If that happens, then Ellen Smyth, the Director for the city’s Environmental Services Department, said the municipality could begin talks with Fort Bliss to collaborate on a waste energy plant on post. The plant would convert trash into electricity.
“You burn it (garbage) hot and clean, so there’s no air emissions, and you take that energy from the heat, and you produce steam, so you have a steam generator which turns a turban and then it generates the electricity”, said Smyth.
The plant would have a solar energy component, too.
Smyth said city officials have met with representatives on post and El Paso Electric officials to discuss the project. Smyth said they’re hoping El Paso Electric would partner up to convert the electricity.
Estimates for the cost of the project have been about $750 million. “We wouldn’t really want to pay any part of it, our contribution would be the trash”, said Smyth.

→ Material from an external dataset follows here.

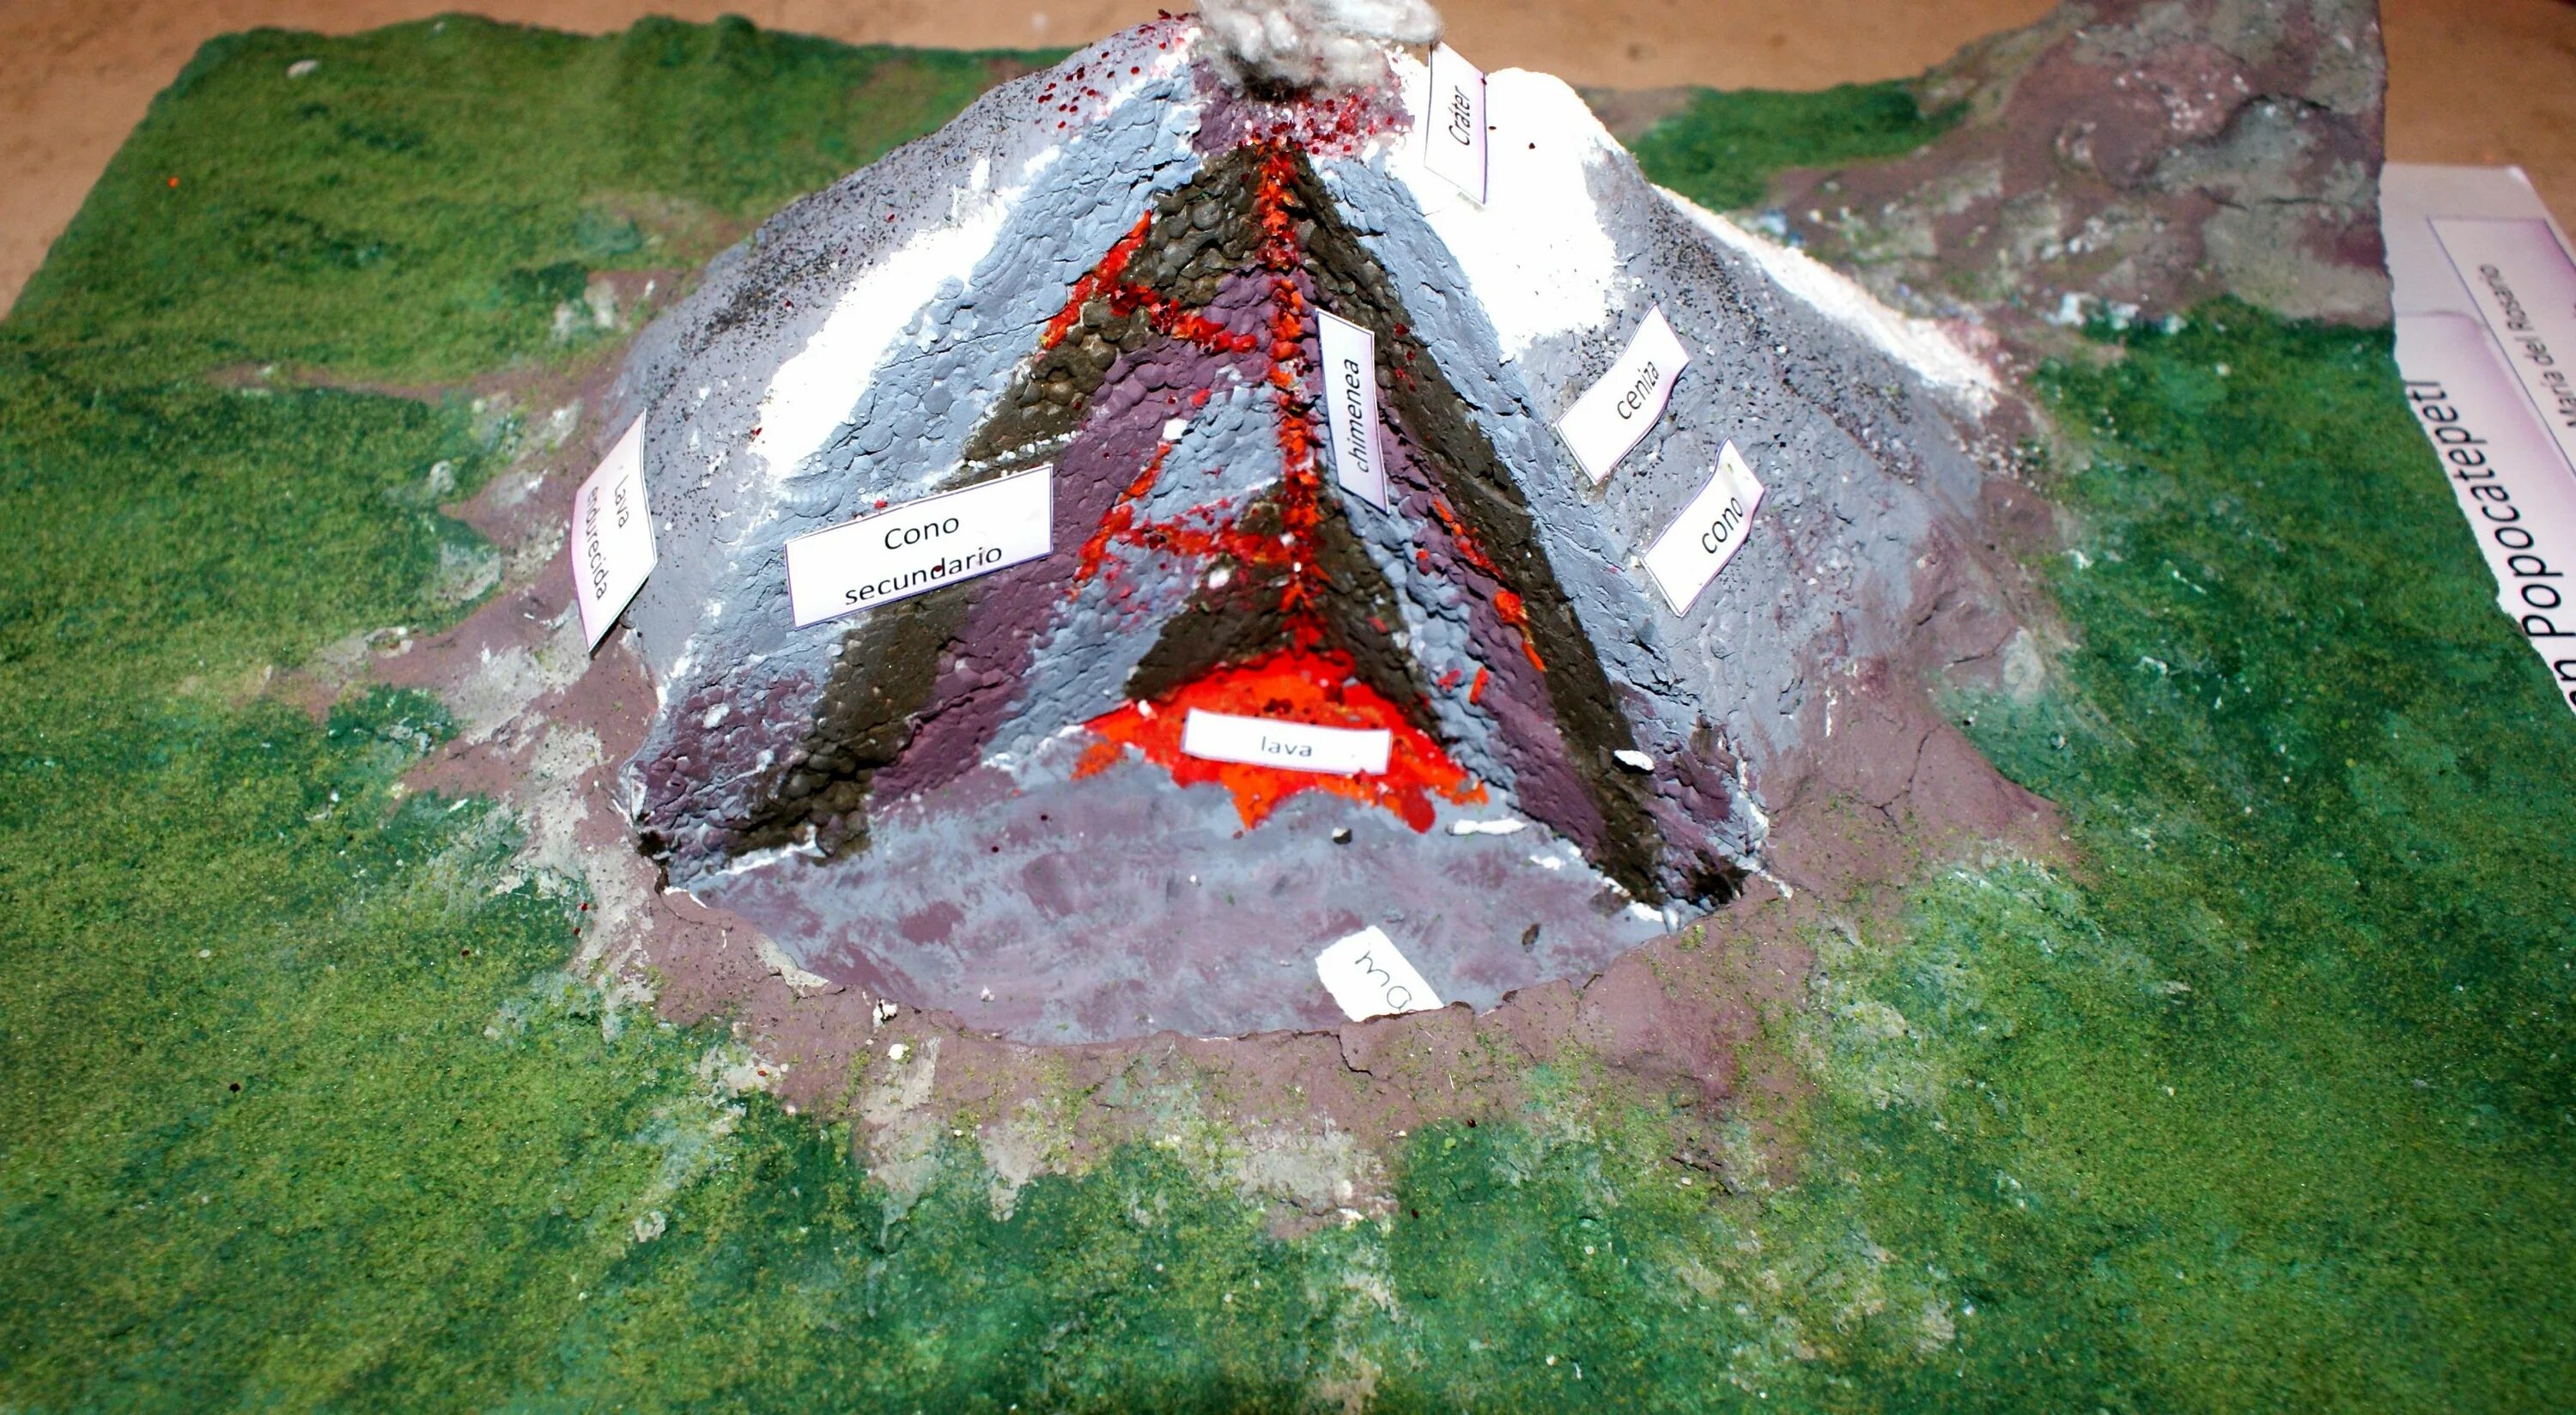 Макет вулкана в разрезе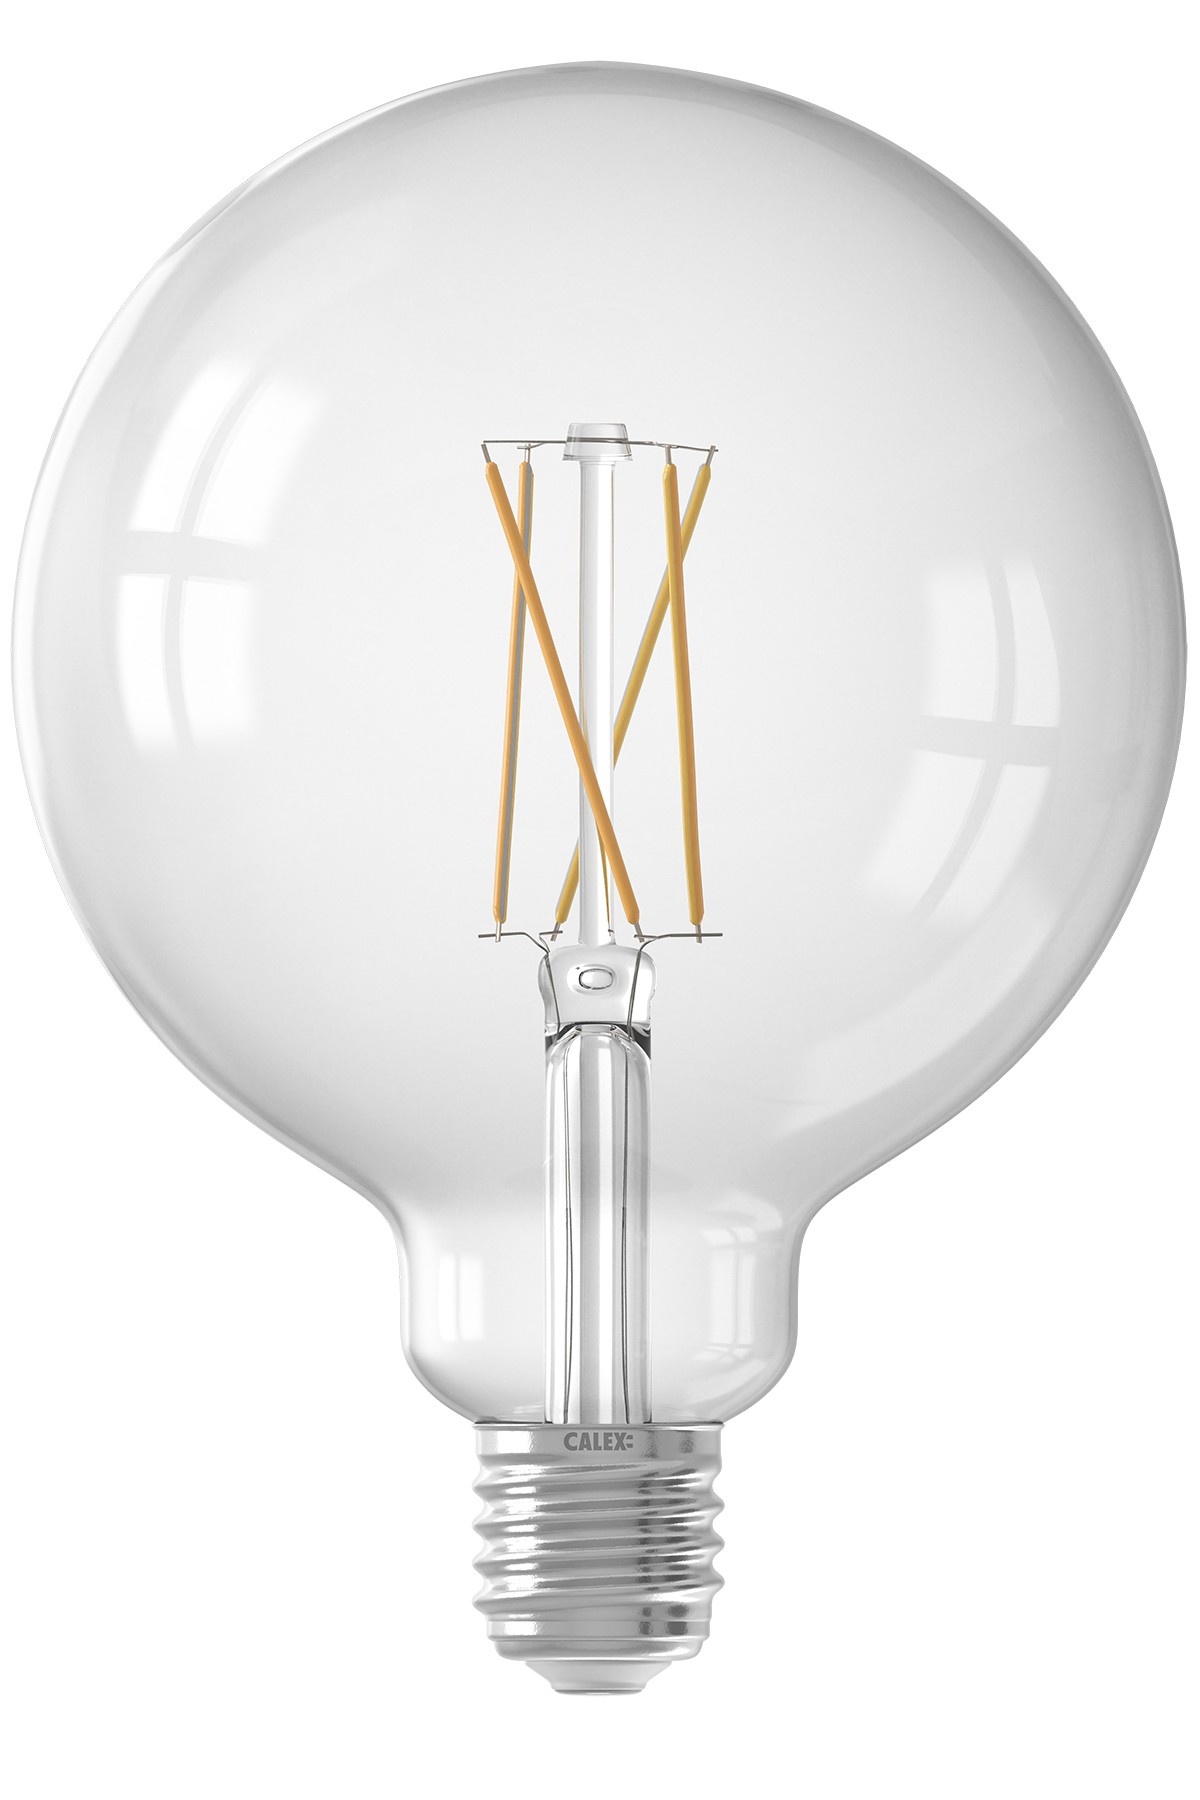 Druif Acteur Kameraad Calex Smart Lamp - E27 - 7,5W - 1055 Lumen - 1800K - 3000K - Lightexpert.nl

The budget for Smyth’s department is about $35 million this fiscal year. She said that if the city were to incur costs on the project, they’d have to stay within her budget. “No sense in going through all of these projects and then have the rates go up, that kind of defeats the whole purpose”, she said.
The city hopes the project will either lower garbage rates, or freeze them for a long period of time, such as 15 years. If the plant were to open, the city would avoid having to open the McCombs landfill.